MEC offers storage and computational resources at the edge, reducing latency for mobile end users and utilizing more efficiently the mobile backhaul and core networks.

Network Function Virtualization (NFV) will leverage modern technologies such as those developed for cloud computing, which provides an analysis of the MEC orchestration considering standalone services, service mobility, joint network and service optimization as well as a comprehensive study of current orchestrator deployment options. That is to say there is always an edge data center behind the NFV system [1], and this kind of cloud data center usually consists of several servers, the workload time series for the whole cluster appear to be large fluctuation. Only auto-scaling of virtual machines cannot meet the needs of all. Some specific use-cases, for example, in the high-performance computing clusters, computing tasks that require access to hardware devices which cannot be virtualized [2], and for the database hosting (some databases run poorly in a hypervisor), single tenant dedicated hardware for performance, security, dependability and other regulatory requirements. When the cloud infrastructure rapidly deployment, it’s necessary for auto-scaling of bare metal resources. But managing that large number of physical servers is a hassle, if all by human operations, to ensure the quality of service (QoS) is an obvious challenge. Cloud computing itself has the characteristics of independent, safe, reliable, elastic, durable and others, so the automatic scaling of bare-metal resources is necessary.

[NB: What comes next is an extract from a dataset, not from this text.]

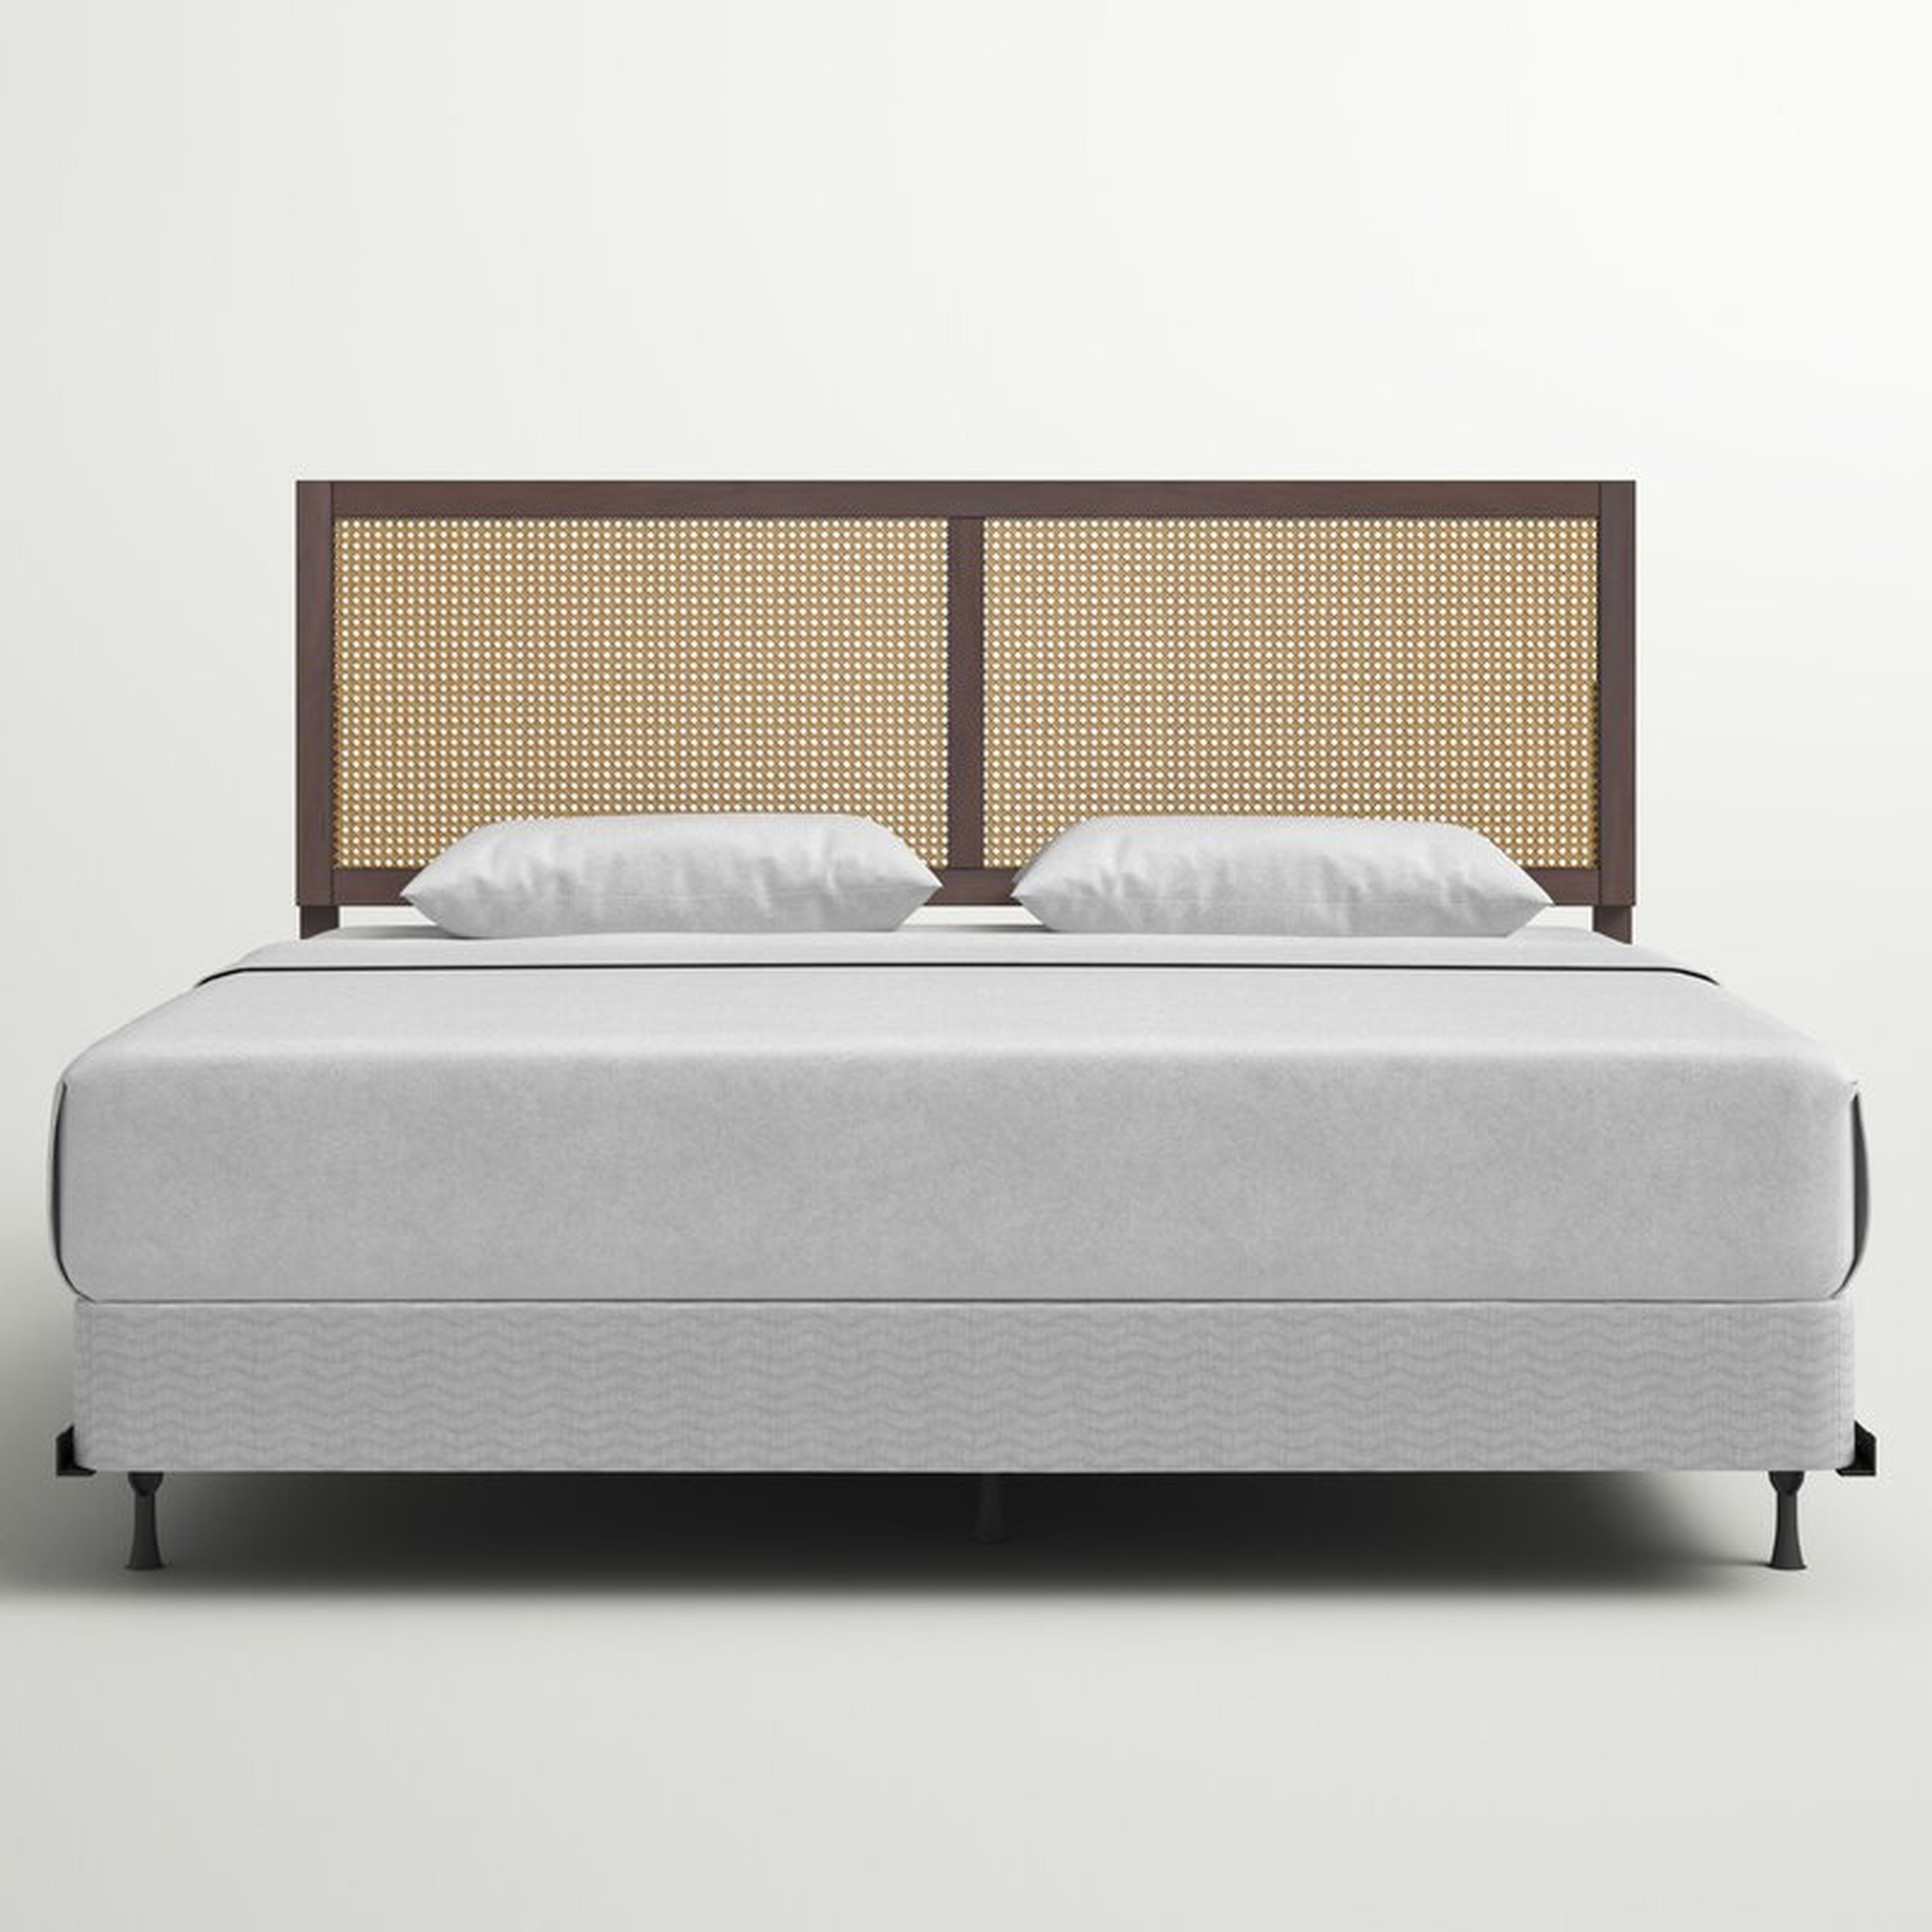 Sowers Low Profile Standard Bed - Wayfair

Amazon Web Services (AWS) developed the first virtual machine auto-scaling tech in the industry, which is a solution for the holiday’s 5 times shopping rush to normal flow. Moreover, the automatic scaling technique was applied to more areas, such as some of the virtualization resources of cloud computing. Accordingly, we consider how to make the bare-metal resources become more elastic for the ever-expanding data center. Traditional redundancy allocation can cause wasting of resources, so the main thing to do is to narrow the gap between allocating resources and actual needs.

However, there is no unified operating platform for bare metals currently, and we can only manage through some access and configuration tools such as IPMI, Cobbler or Ansible. Moreover, making all these processes automated is not easy, which requires a complete and elaborate workflow to complete, including new machines discovery, nodes deployment, as well as balance workloads to new online machines.

Besides, in advance allocation of resources can greatly improve quality and reduce the response latency of applications. Therefore, it is critical to find resource bottlenecks in time. We adopt Zabbix [3, 4] as a monitor, which is powerful and easy to expand. A recent survey classifies auto-scaling techniques into several major categories [5], including static policies, threshold-based polices, reinforcement learning, control theory and time-series analysis. For our design, we combine threshold rules and time-series analysis to make a suitable auto-scaling schedule algorithm. Based on the above techniques, we present an automatic horizontal scaling [6] algorithm for bare metal resources and made a series of experiments on this.

The second section introduces our related work. The third section describes details of our design framework, including core algorithm and related platform configurations. The fourth section describes detailed experiment steps and data comparisons. Finally, we conclude at the fifth section.

2 Related Work

NIST explained “rapid elasticity” as “capabilities can be elastically provisioned and released, in some cases automatically, to scale rapidly outward and inward commensurate with demand” [7]. The purpose of elasticity as defined in [8] is to provide performance, cost, increase infrastructure capacity, energy. All of these can be related to user load.

Due to the elasticity demand of physical server resources on NFV system, this paper probes into the automatic scaling of the bare metal resources. Here we use OpenStack [9] powered cloud as NFV infrastructure. It is well-known that OpenStack is an open source cloud platform, which has an excellent distributed architecture. A normal OpenStack cluster can be divided into the control nodes, network nodes, computing nodes, storage nodes. And there is also an Ironic project, which can help us manage bare metal resources. Better is, there is also a Tacker [10] project, which provide a NFV MANO conception implementations.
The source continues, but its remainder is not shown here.